Душою «Общества кулака» был Беккариа (1738—1794), издавший в 1764 г. трактат «О преступлениях и наказаниях», в котором он доказывал, что в преступлениях по большей части виновато само общество, толкающее бедняка на воровство и даже на убийство. Беккариа утверждал, что число преступлений уменьшится с установлением всеобщего равенства перед законом. Книга Беккариа была переведена на многие языки, имела шумный успех и оказала большое влияние на развитие буржуазной юридической мысли.

Основной задачей, которую жизнь ставила перед итальянскими просветителями, было освобождение страны от чужеземного господства и ее политическое и экономическое возрождение. Объективно эта задача сливалась с задачей ликвидации феодальных порядков в деревне и политической раздробленности Италии, с подготовкой борьбы за национальную независимость и единство.
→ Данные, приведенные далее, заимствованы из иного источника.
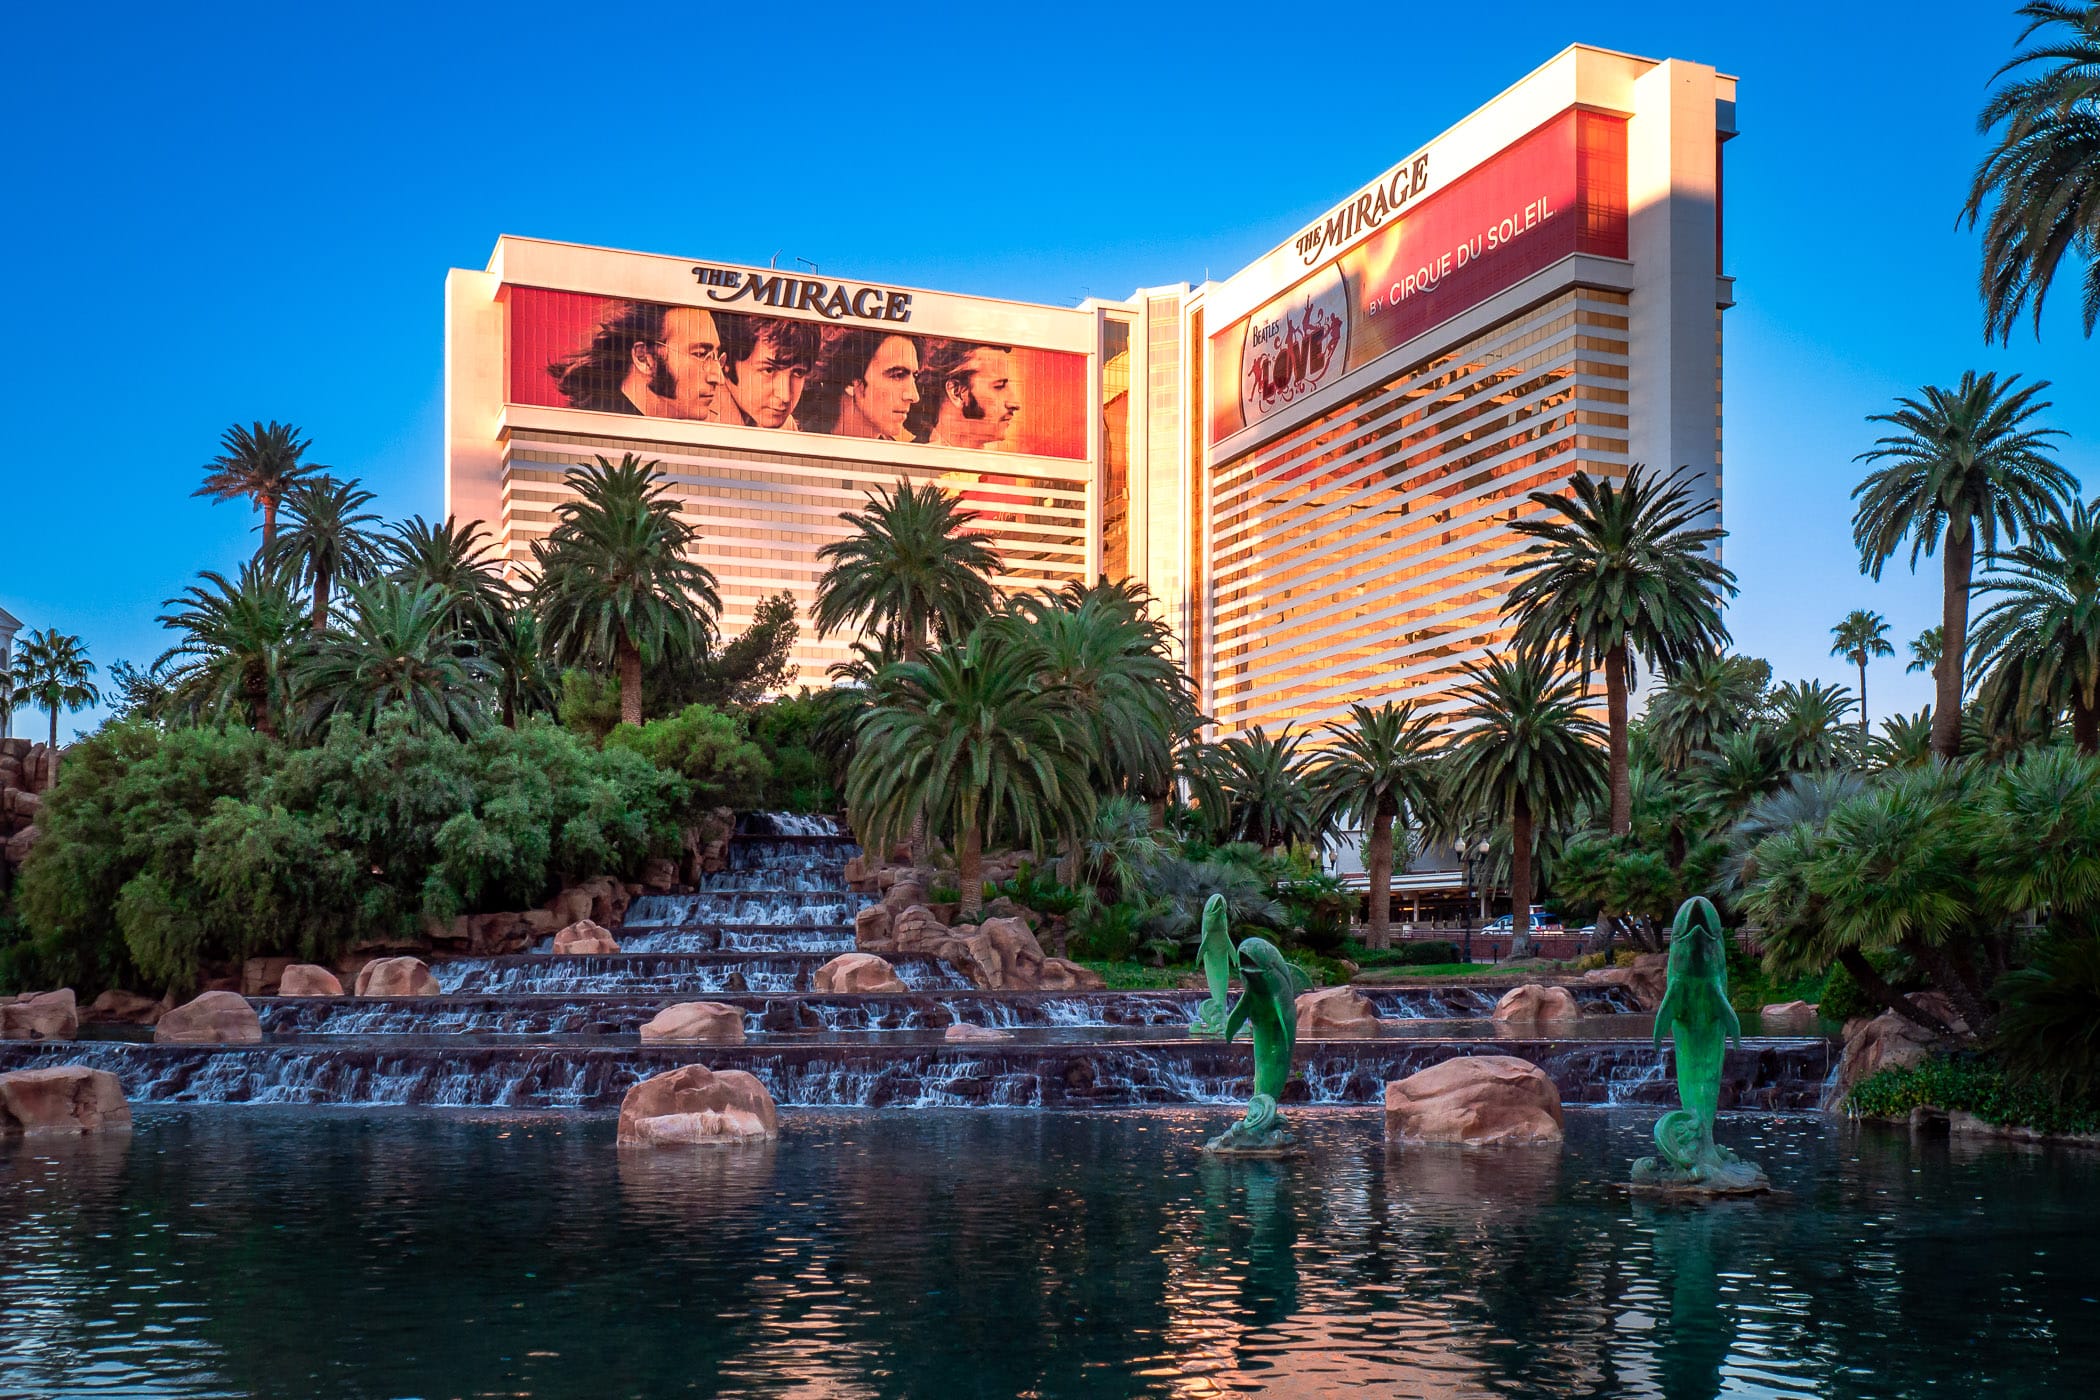 The early-morning sunlight illuminates Las Vegas' Mirage Hotel & Casino.

«Природа одарила Италию так же щедро, как Англию, — писал в 60-х годах XVIII в. пьемонтец Баретти, — почему же Италия почти не имеет влияния в Европе, в то время как влияние Англии так велико?» «Прежде чем ответить на этот вопрос,— продолжал он,— надо, чтобы народы всей Италии или большей ее части объединились под властью единого правительства в один народ...»

«Любовь к родине, т. е. стремление к благу всей нашей нации,— заявлял ломбардский экономист Джан Ринальдо Карли (1720—1795),— это солнце, которое освещает и притягивает итальянские города». Не решаясь в условиях австрийского владычества открыто потребовать политического объединения страны, Карли звал к созданию морального единства итальянцев с помощью развития общенационального искусства, литературы и науки. «Мы должны быть итальянцами, а не ломбардцами, неаполитанцами или тосканцами, если мы не хотим перестать быть людьми», — писал он.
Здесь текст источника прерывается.